KUALA LUMPUR, March 10 – There is quite a difference between what Dr Wan Azizah Ismail would like to do and what she knows she has to, and will, do.
Ten years from now, for example, the 56-year-old would like “to imagine herself conducting a peaceful life and spending more time with her six children, grandchildren and relatives”.
Yet she knows it is an unlikely scenario. “My husband will probably need help, and I have to do what is right for my country and for my husband.”
That is, after all, what she has already done for over a decade, since she was forced to deputise for her husband – Malaysian opposition leader Datuk Seri Anwar Ibrahim.
Anwar returned to active politics last year after spending years in jail on what most people believe were politically motivated charges. He has since been elected to Parliament, taking over the seat in Penang’s Permatang Pauh constituency that Dr Azizah had won in three previous elections.

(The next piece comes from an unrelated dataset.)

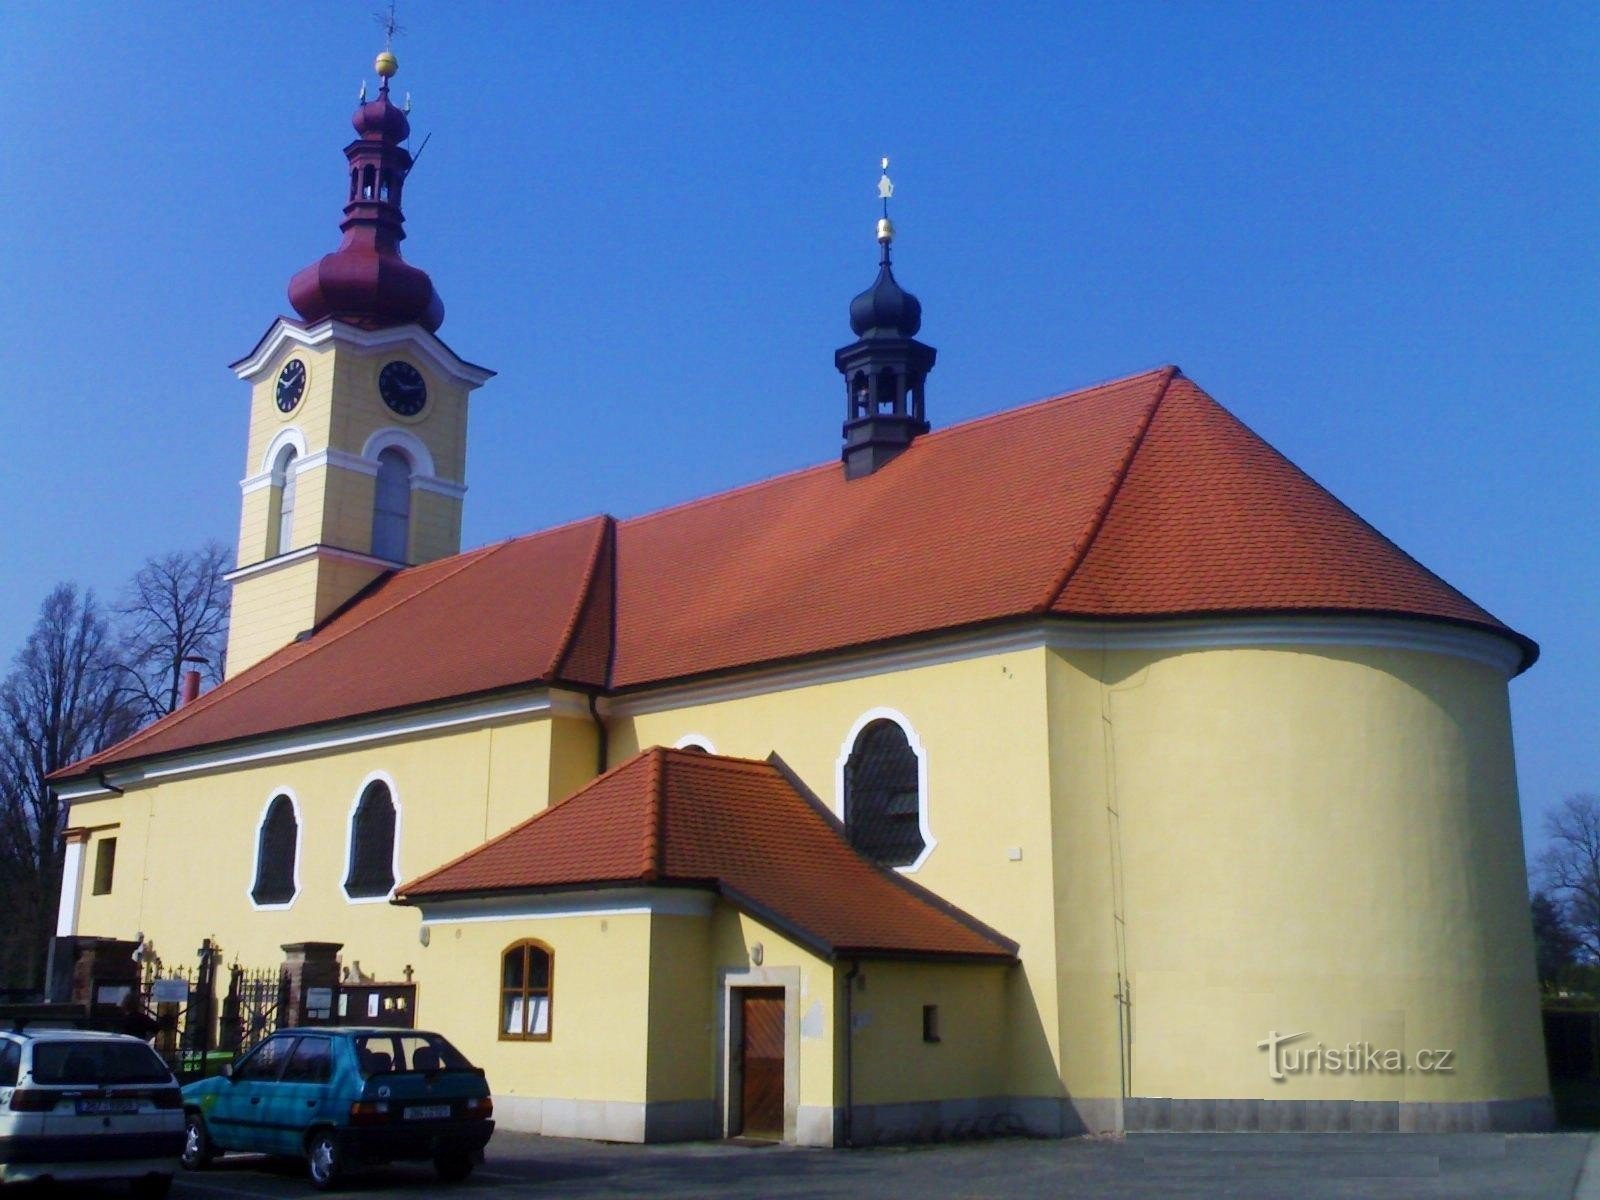 Поухов - церква св. Павло

And he is poised to officially take over the leadership of the People’s Justice Party, or Keadilan, of which Dr Azizah is chairwoman. The party has its roots in a non-governmental organisation she established in 1999 to fight for the release of her husband.
These changes are welcomed by Dr Azizah. “It is what I prefer. I feel I have come full circle. I was the wife of a politician, then I became a politician, and now I am going back to being the wife of a politician. It is fine. I am first and foremost a wife and mother.”

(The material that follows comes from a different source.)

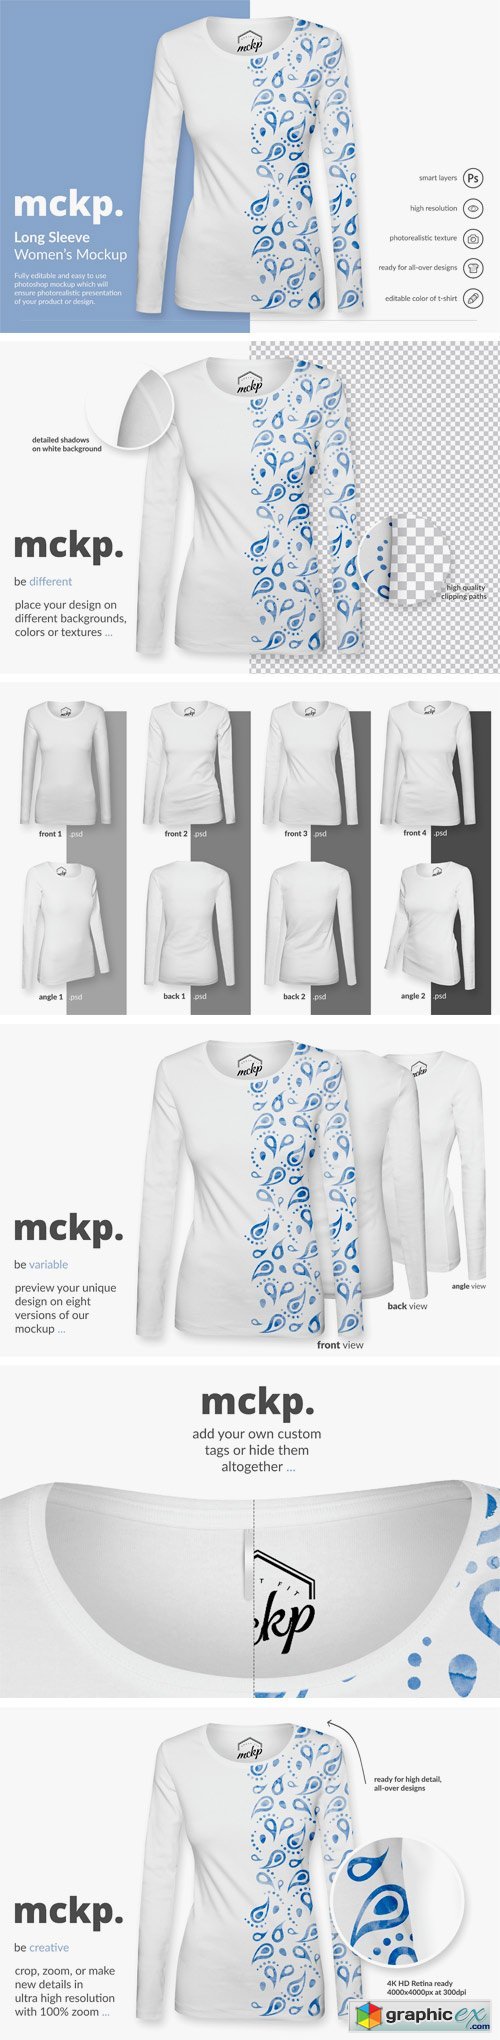 Long Sleeve by mckp - Women's Mockup

She also admits candidly, “I will never be as good a politician as Anwar. It is right that he takes charge”.
Things are not quite like that, though. Dr Azizah lacks Anwar’s oratorical skills and, unlike her husband, who was a firebrand student activist in the 1970s, she never got into student politics.
Educated first at a Catholic school, then at an elite private school, she went to Ireland to study ophthalmology while still very young. In Dublin, Malaysian politics was never a concern and she never developed political ambitions nor much political acumen.Still, when forced to enter politics, she held her own, mostly thanks to a different set of qualities that turned her into an icon of the Reformasi movement that her husband had started.

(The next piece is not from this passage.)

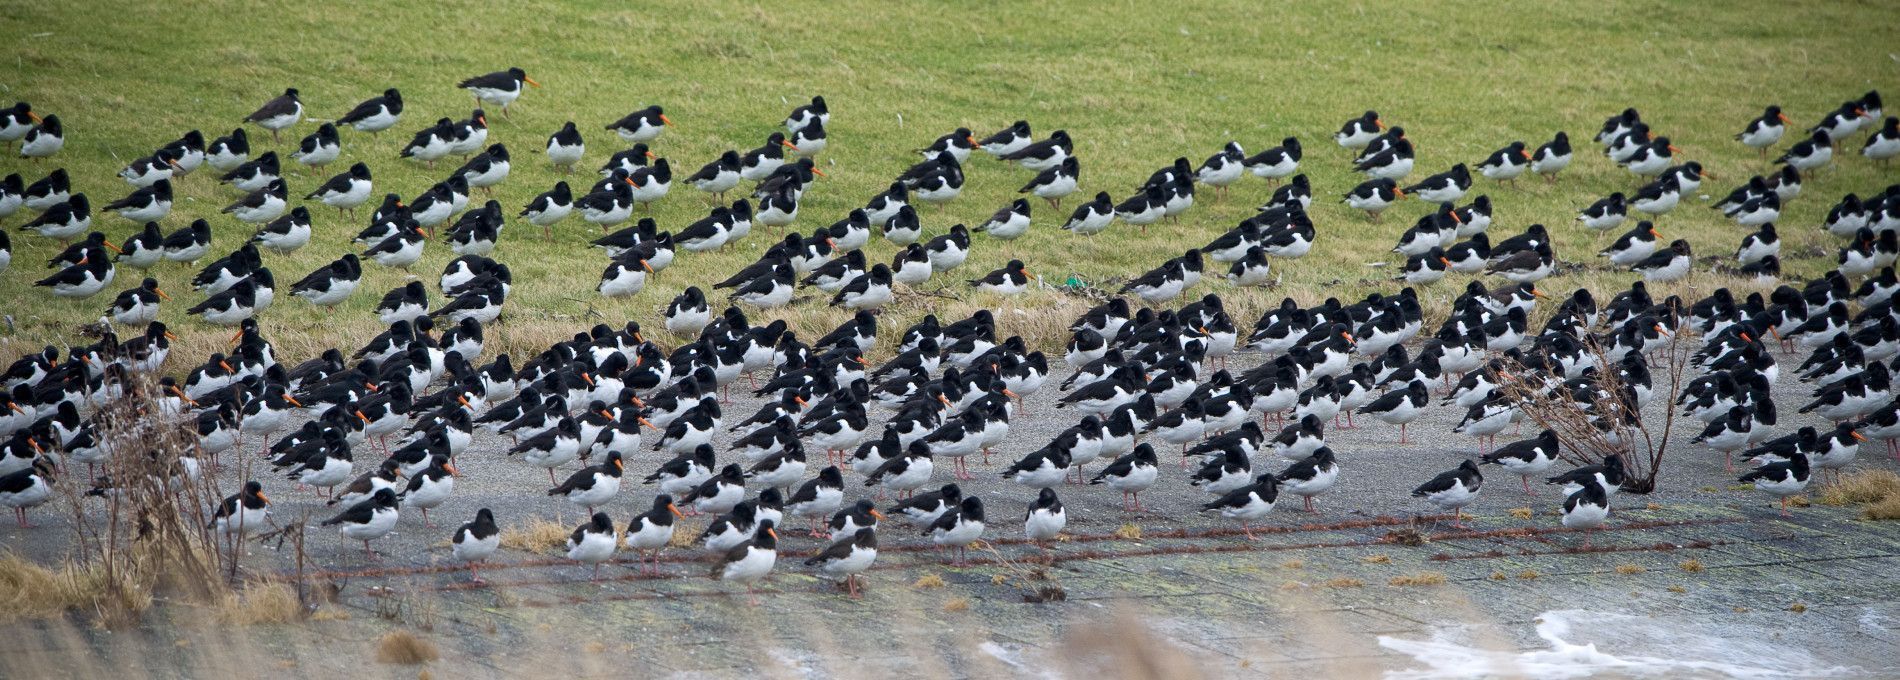 Vogels op Ameland - VVV Ameland

To most Malaysians, she is no longer simply Anwar’s wife.
The first thing that strikes one about Dr Azizah is her gentle demeanour. Bespectacled, frail-looking and with a pale complexion, she speaks softly and has rarely been seen angry.
The second thing that strikes one is the strength of conviction those same softly spoken words carry. It is this combination that gained her wide trust and admiration.
Gayathry Venkiteswaran, executive director of the Centre for Independent Journalism, explains Dr Azizah’s trajectory succinctly.
“At the beginning, she was seen as Malaysia’s answer to (former Philippine president) Corazon Aquino, fighting the injustice inflicted upon her husband. But then she was able to use the platform provided by the party to raise the profile of democracy, justice and integrity on the national agenda. That’s something she should be recognised for.
“While awaiting Anwar’s release, Wan Azizah responded positively to civil society pressures and issues, and allowed for more of these to get highlighted. In so doing, for a while, she became the face of justice and democracy.”
He is disappointed that Dr Azizah sacrificed her parliamentary seat for Anwar, but Sim Kwang Yang, a former parliamentarian with the Democratic Action Party and now a prolific political writer, argues that vacating her seat does not mean she will disappear. “She has been a towering figure; she will still be involved and continue to inspire.”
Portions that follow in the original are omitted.